Evidently on holiday with one of his brothers, Bellow has just turned seventeen when he writes this, his earliest surviving letter. Nathan Goldstein would shortly marry Yetta. Following their divorce in the 1940s, Yetta would marry Max Shachtman. Pearl’s identity is untraced.
1937
 
To James T. Farrell
[n. d.] [Chicago]
Dear Mr. Farrell:
It may surprise you that the associate editor of the
Beacon
should be politically of a mind with you, but that is the case. I have asked Al Glotzer several times to write to you for me. I’m tired of asking him; I am quite sure he hasn’t written. And perhaps it would be a shame if he dissipated his Machiavellian genius in trivial correspondence.
If you will tell me why you have taken up with the magazine, and what you have gathered of [Sydney] Harris from his letters, and what your opinion is of the role of the magazine, and whether you think it can be useful, I for my part will undertake a long narrative of the whole venture and try to explain my position on it. I will try to give you an inkling of it now: Editorially I can’t push the magazine to the left because Harris is a shrewd, opportunistic bastard who won’t permit it. However, if we load the magazine with Bolshevik writers of national reputation, we can have Harris hanging on a ledge before long.

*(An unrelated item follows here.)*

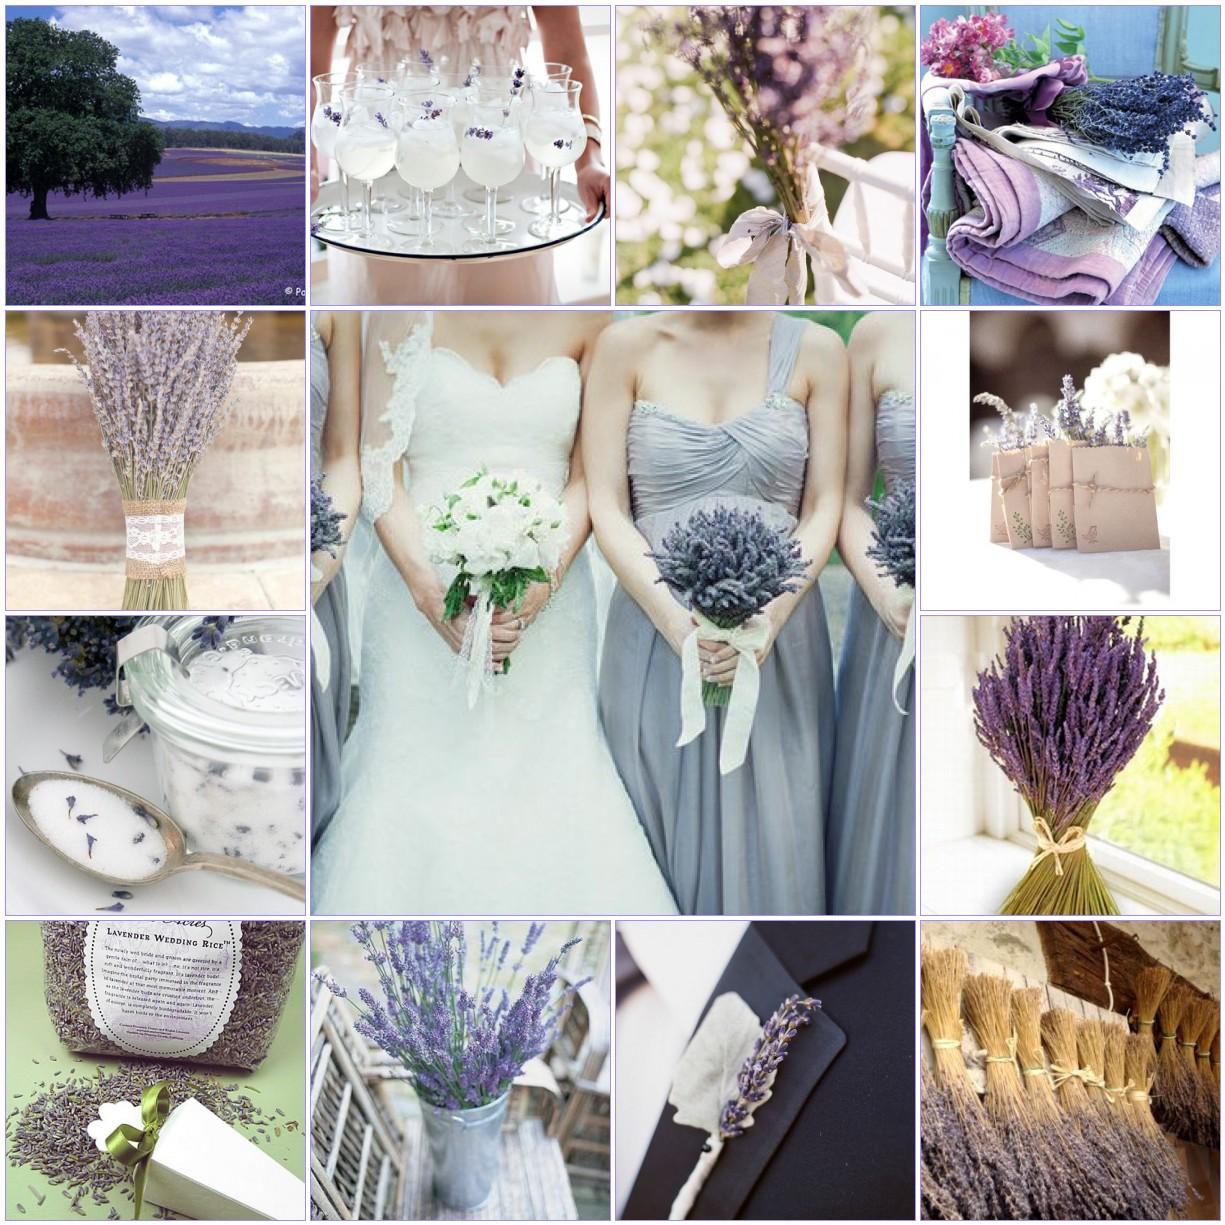 nụ hoa lavender khô
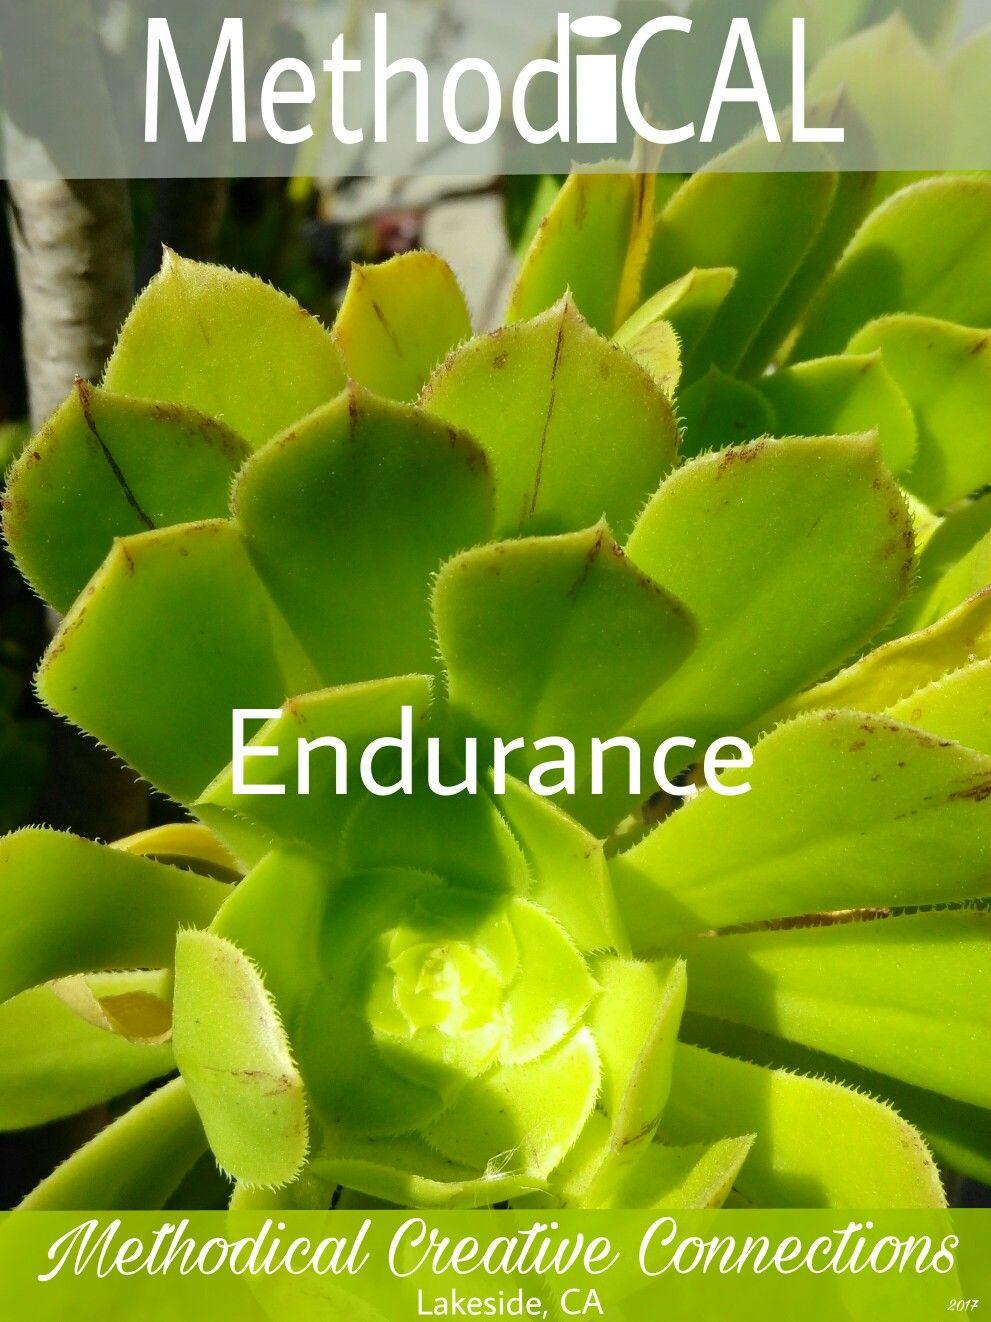 Endurance #Method_iCAL #endurance

Already the Stalinites have excommunicated him and pronounced the magazine anathema. Jack Martin, local educational director of the C.P., wrote Harris a letter calling him a fascist record, agent of the Gestapo and a few other unoriginal things. It is peculiar how the Stalinites have lost central discipline by spreading themselves through liberal groups. They are scattered so widely that Martin’s dicta have not yet come to the ears of the ranks, and every day little fresh-faced YCL boy scouts come to ask space for the American Youth Congress or United Christian Youth meetings, space which Harris freely, even prodigally, gives.